Rounding out the winners was Bank of America (BAC). To paraphrase what we said about BAC in our last letter:
“Our biggest purchase in the period (by far) was a material increase in our existing holding in Bank of America. Bank of America (BAC) needs no explanation, but some comments on the opportunity we see for this holding is warranted. BAC’s shares recently traded at a P/E of 8x (an earnings yield of 12%) and 80% of stated book value and pays a 3.5% dividend. BAC’s return on equity is a depressed 11%+. BAC has a mix of “main street” traditional deposit gathering and lending, large corporate banking functions and a top tier investment banking franchise and wealth management business via the original Merrill Lynch businesses. The investment banking and wealth management segments contribute to approximately 40% of BAC earnings, and at the recent depressed valuations, we were getting these franchises at a discount. We historically found management’s slow and steady approach to growth and returns sensible and still do. Management’s decision to invest a material amount of the COVID era deposit influx into longer dated treasury and mortgage bonds a few years ago was a bad decision – but it is manageable and well known by all – to say the least. If the economy weakens, loan losses will increase. However, with a stable deposit base, strong lending controls, recurring earnings from the non-banking businesses, healthy capital and liquidity, the potential benefit from higher interest rates and a cheap stock price (down recently about 50% from recent highs and back to 2017 price levels), we like our risk reward here.”
Things have evolved at BAC about as we hoped they would.
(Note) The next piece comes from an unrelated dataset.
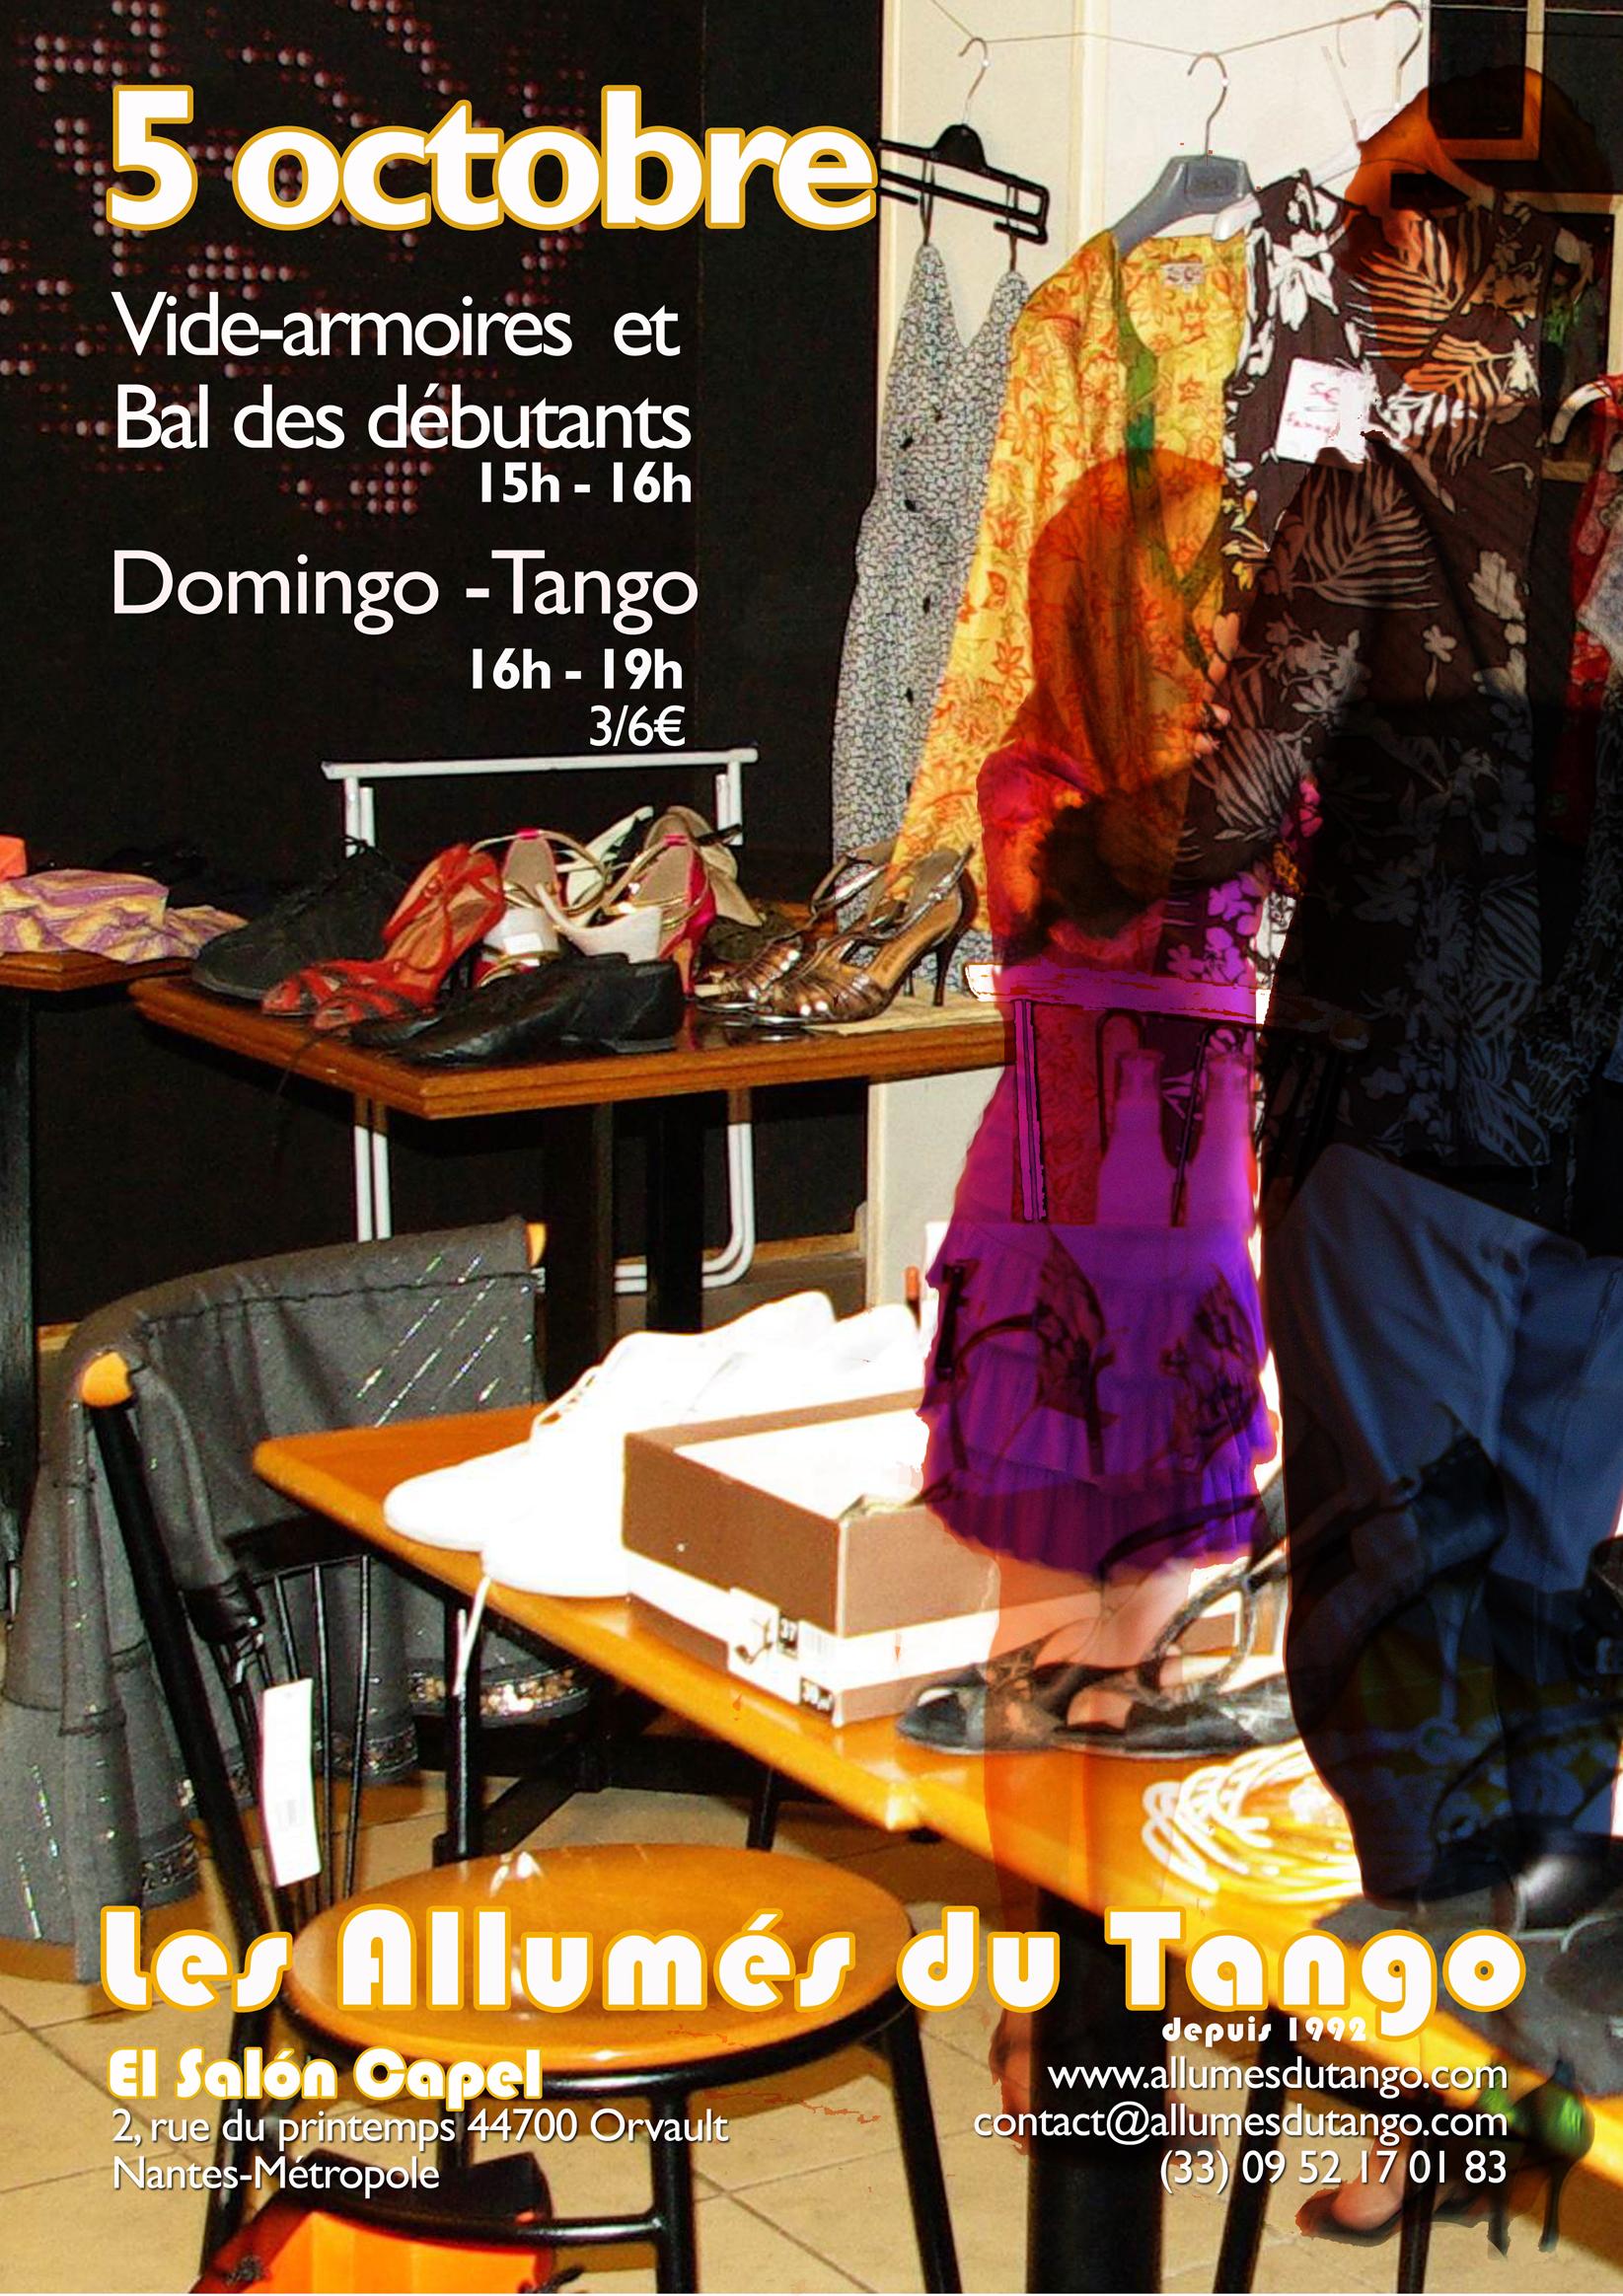 35 - domingo tango 51014

As we have said many times in the past:
“Along those lines we remind all that as we’ve written for a few years now about the structural makeup of financial markets today; with so much trading day to day dominated by non-fundamental investment strategies, this continues to create enormous price volatility and periodic market dislocations. We have strived to use this dynamic to our long-term advantage, but we are well aware that at some point this makeup of markets is far from ideal.”
Finally - you’ll notice that we now distribute this letter as a separate document and that the new regulatory format for what was the Semi Annual and Annual report is now the Form TSR (Tailored Shareholder Report) that can be viewed here: www.goodhavenfunds.com/communications
We have been fortunate to have some existing shareholders refer other high quality new shareholders to the Fund. We appreciate you all continuing to keep us in mind.
As of May 31, 2024, my family and I and the team here at GoodHaven Capital Management, LLC, the investment advisor to the GoodHaven Fund, owned approximately 127,441 shares of the Fund. It is management’s intention to disclose such holdings (in the aggregate) in this section of the Fund’s Annual and Semi-Annual shareholder letters on an ongoing basis.
I thank all fellow shareholders for their continued confidence as GoodHaven 2.0 continues to unfold. I also thank our Fund Board of Trustees and our long-time partner and investor Markel for their support and wise counsel.
Stay healthy and safe and forward we go.